As an introvert I can sometimes find this lesson perplexing but the past year and half during this pandemic have gifted me more of an insight into Rabbi Lionel’s teaching.
In some ways, the lockdowns provided me with what I thought was the perfect space – quiet, order and time to concentrate on my inner life. And in some ways, it delivered. I turned from the pain of the outside world and was firmly in the first part of Hillel’s quotation which we spoke of last night – ‘If I am not for me, who will for me?’. I went on silent retreats, read many, many books, watched A LOT of Netflix and became more and more introverted. But I soon realised I had lost something, and I was feeling anything but zen, and the feeling Rabbi Lionel described of experiencing heaven felt inaccessible. It has only been on venturing out and being with others that I have found part of myself and part of heaven again. As the second part of Hillel’s quotation says: ‘when I am for myself alone, what am I?’[5]

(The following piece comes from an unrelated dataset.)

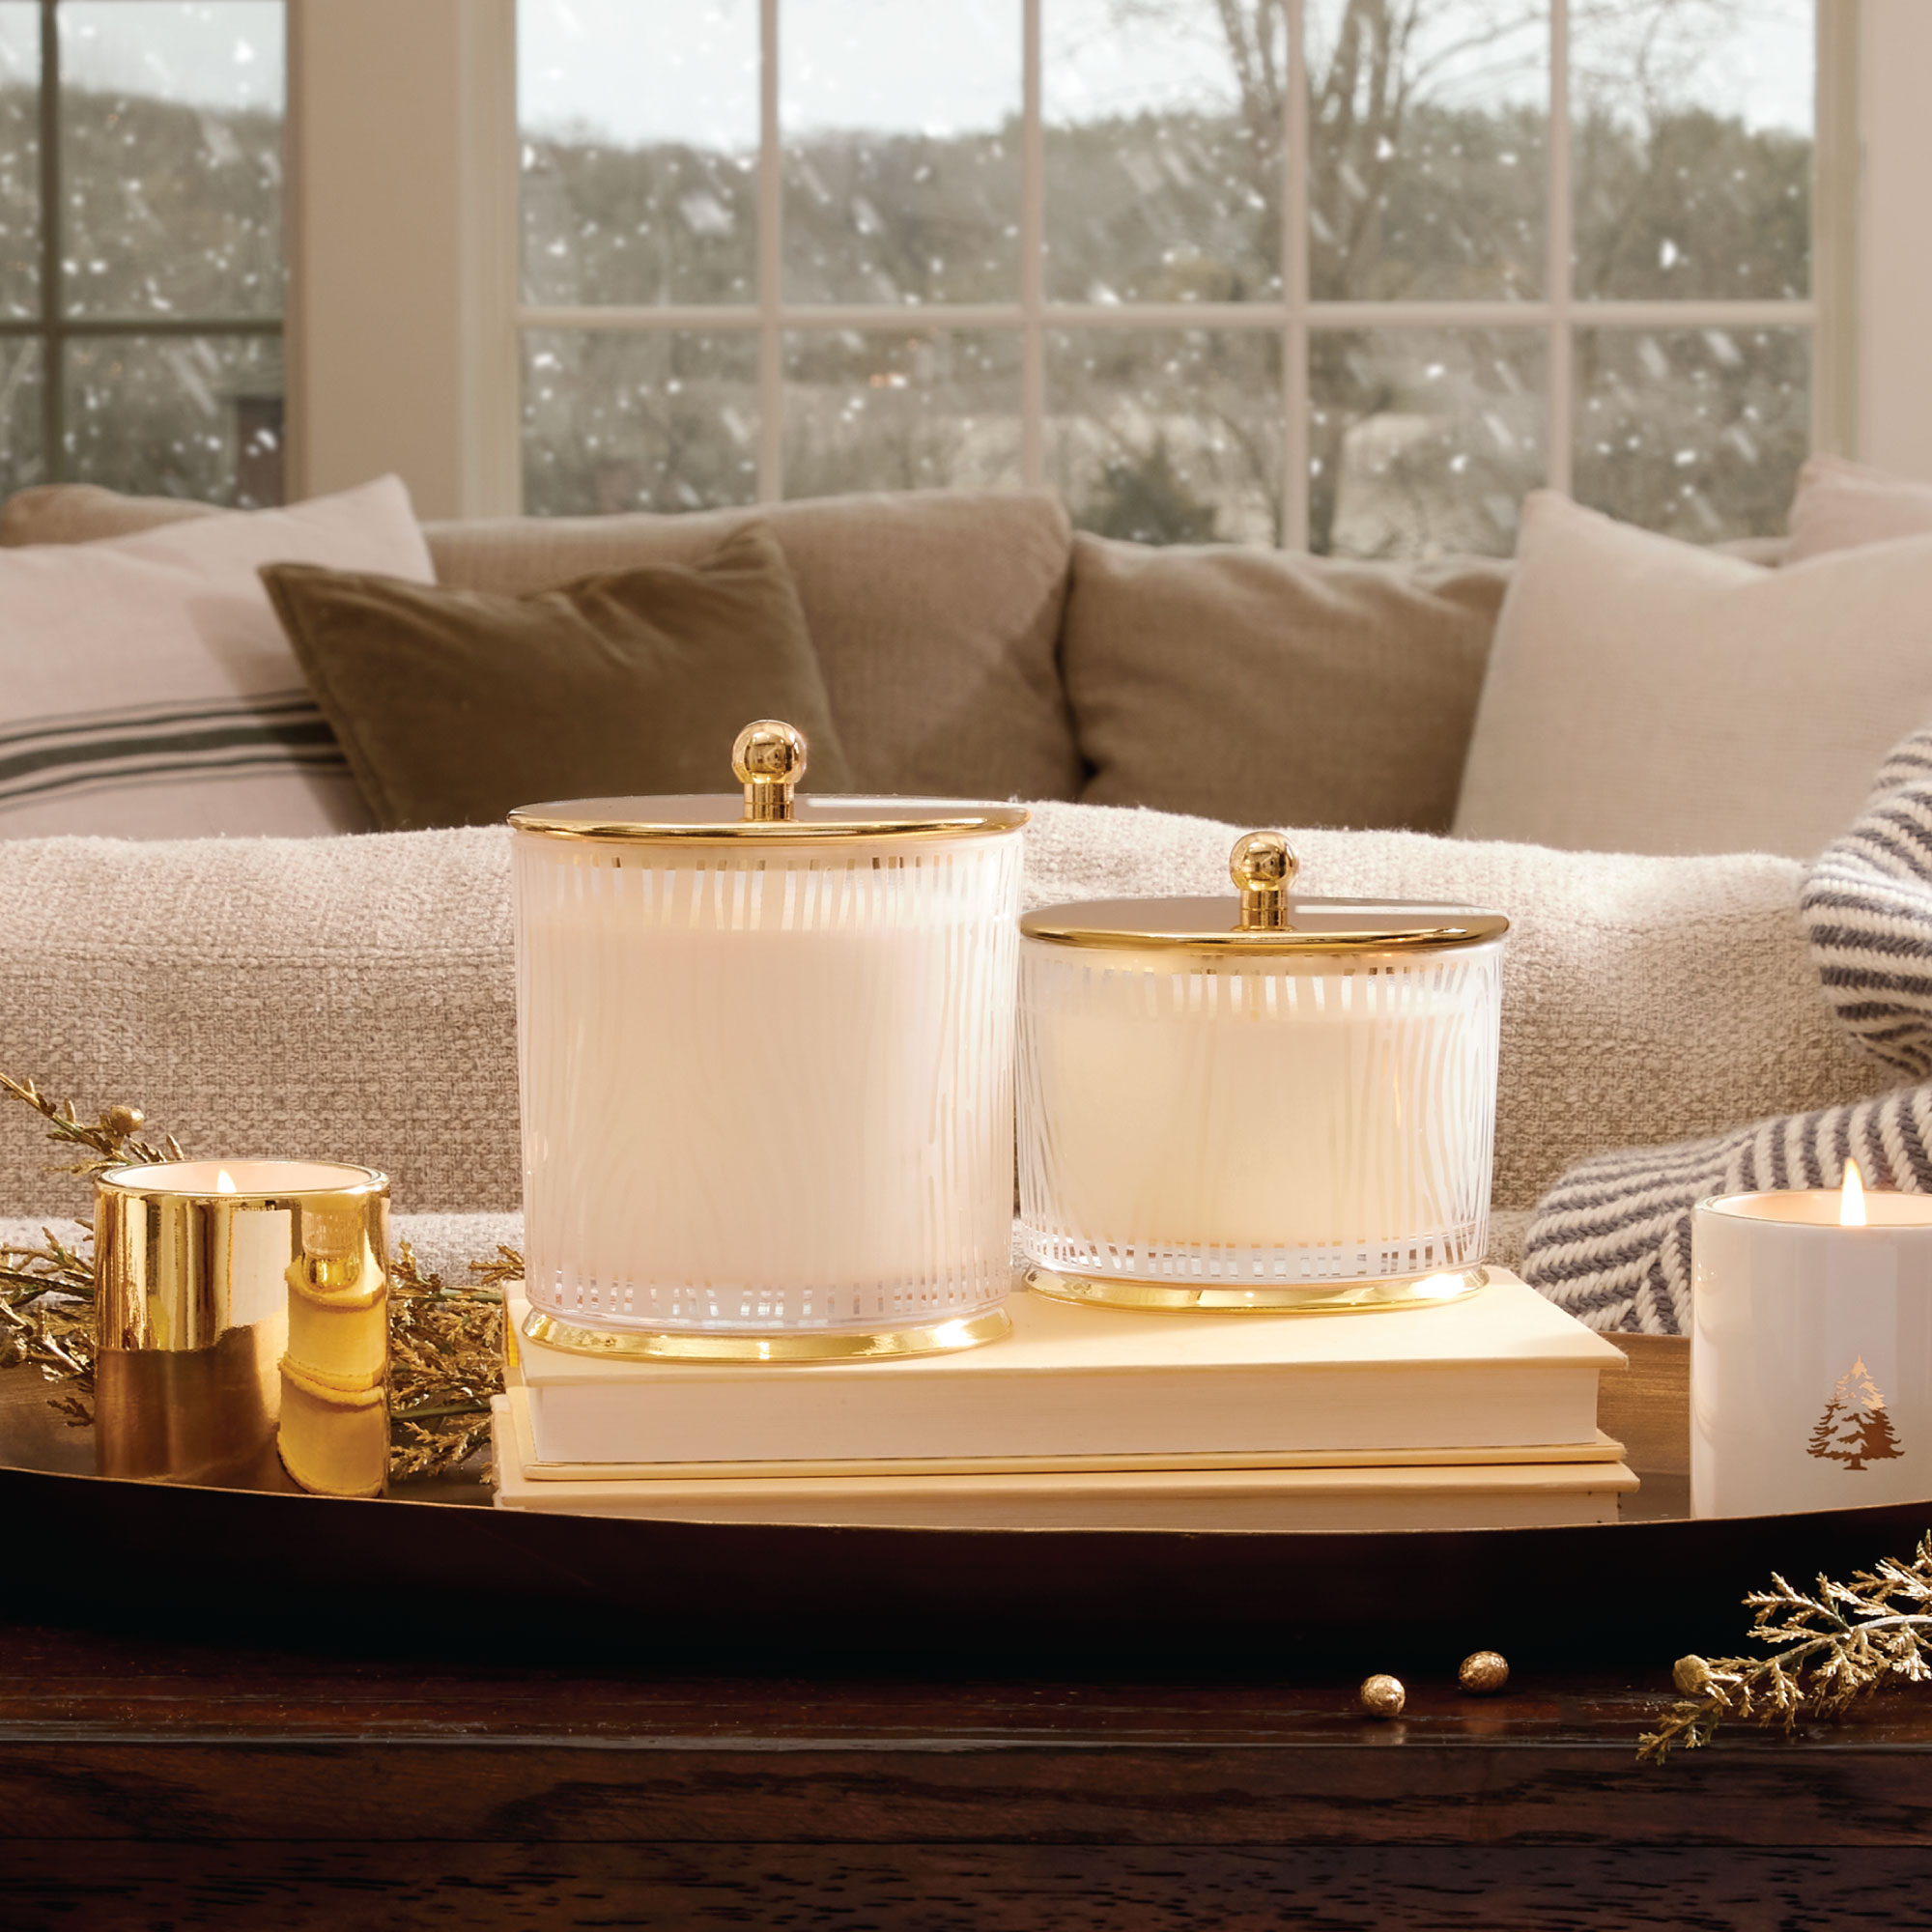 Thymes Gilded Frasier Fir Frosted Wood Grain Candle – Independent Interiors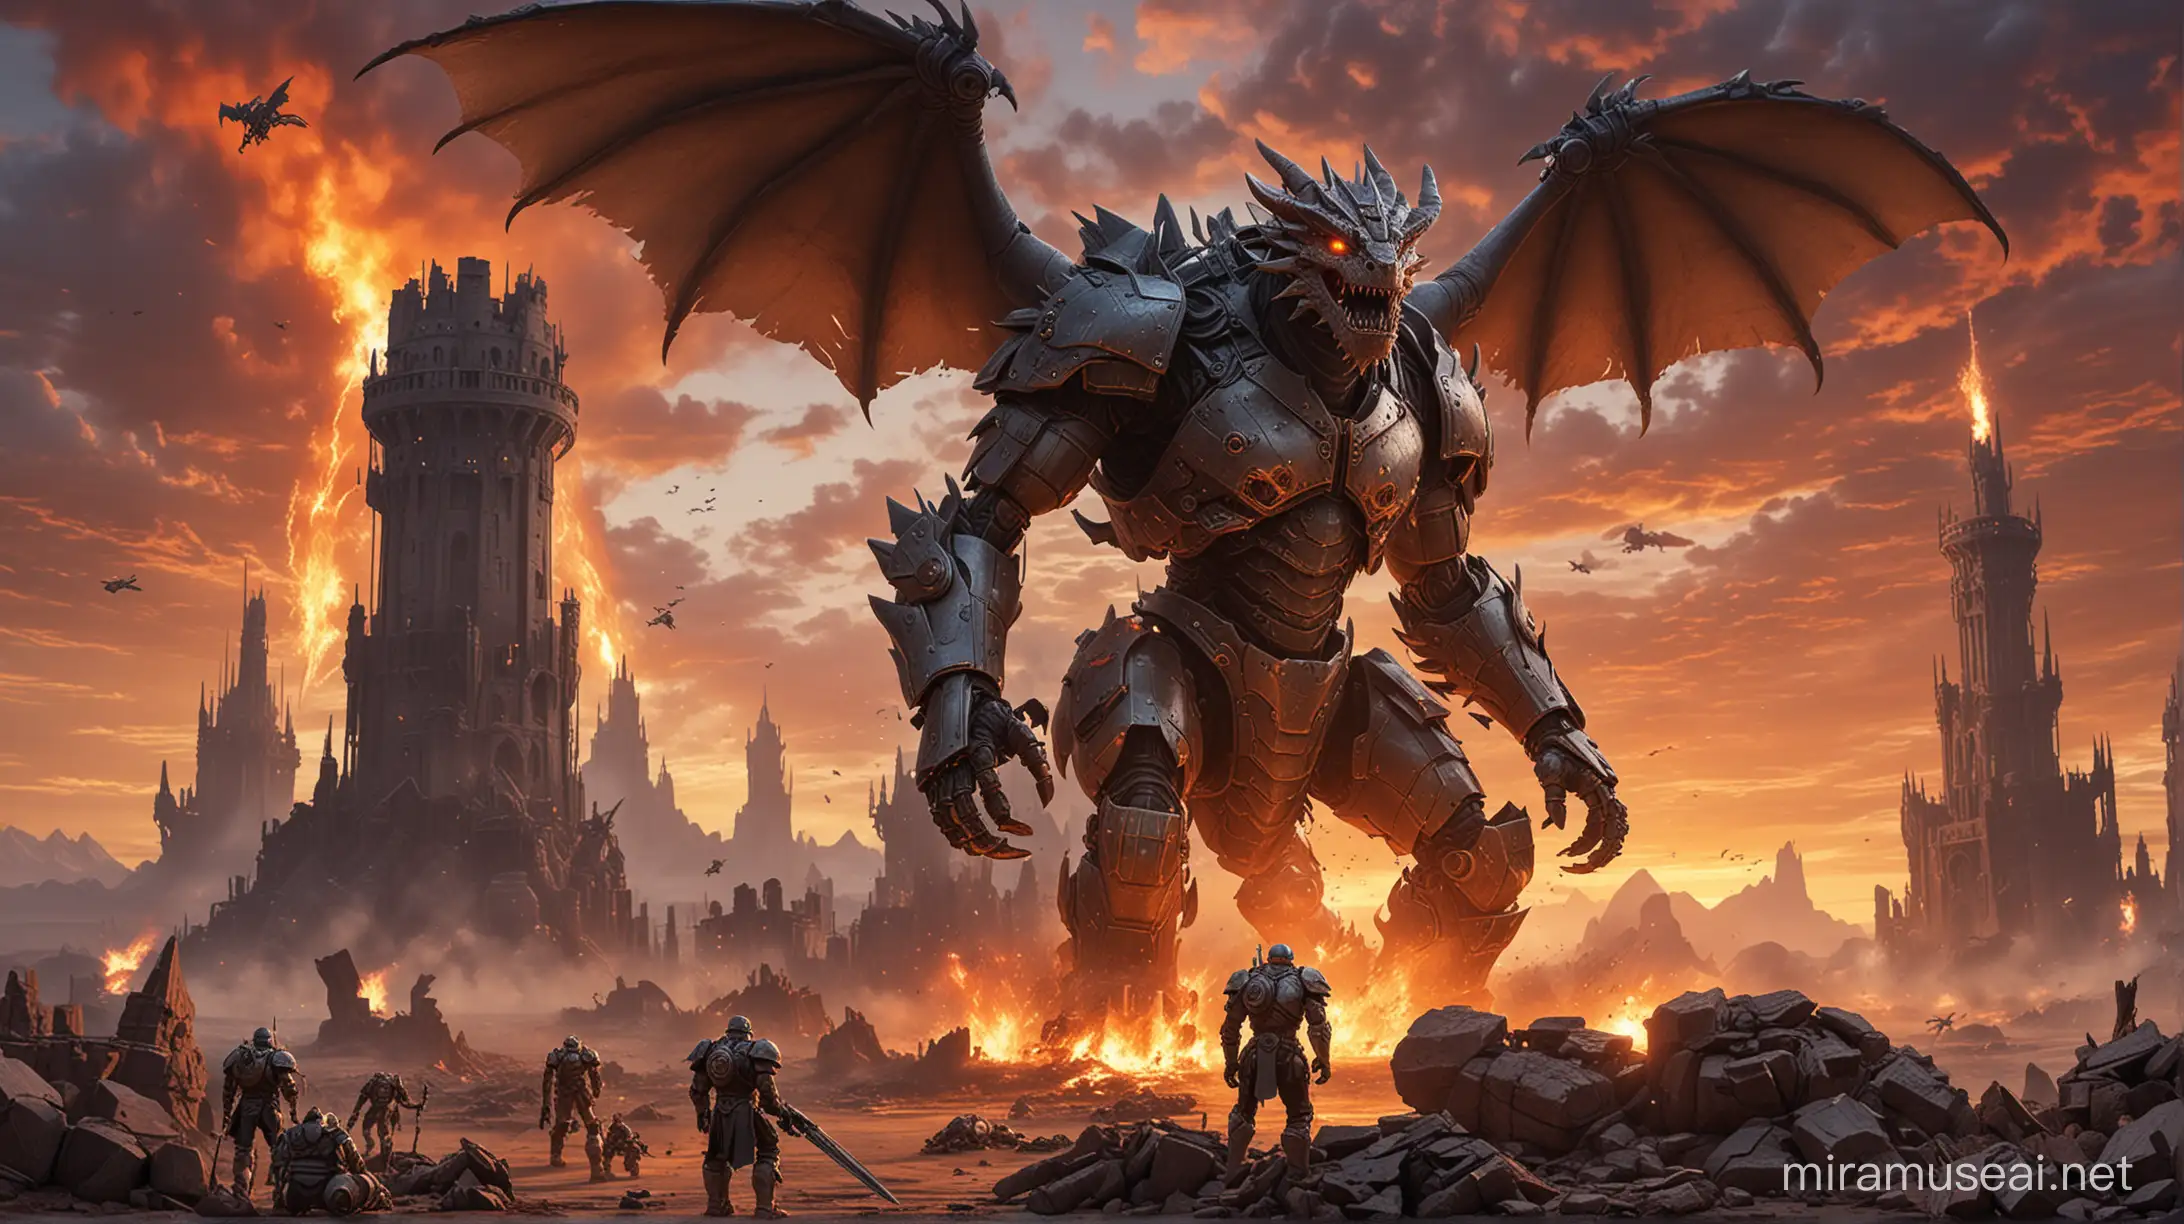 Mythical Creatures and Robots Clash in a Fiery Sky

Whilst we may want to run from the pain others show and carry, and our own pain and grief – it is only by being alongside that pain that we can heal in some way and encounter heaven.
Hillel teaches we must know ourselves first, and love ourselves warts and all, so that we can in turn, be there for others in their pain and behave in a way that doesn’t diminish them but gives them space to express themselves. For as Rabbi Lionel and Rabbi Yochanan teach, empathy and deep encounter is where heaven can be found.
If I am not for me, who will be for me?
And when I am for myself alone, what am I?
Ken Yehi Ratzon – may this be God’s will – amen.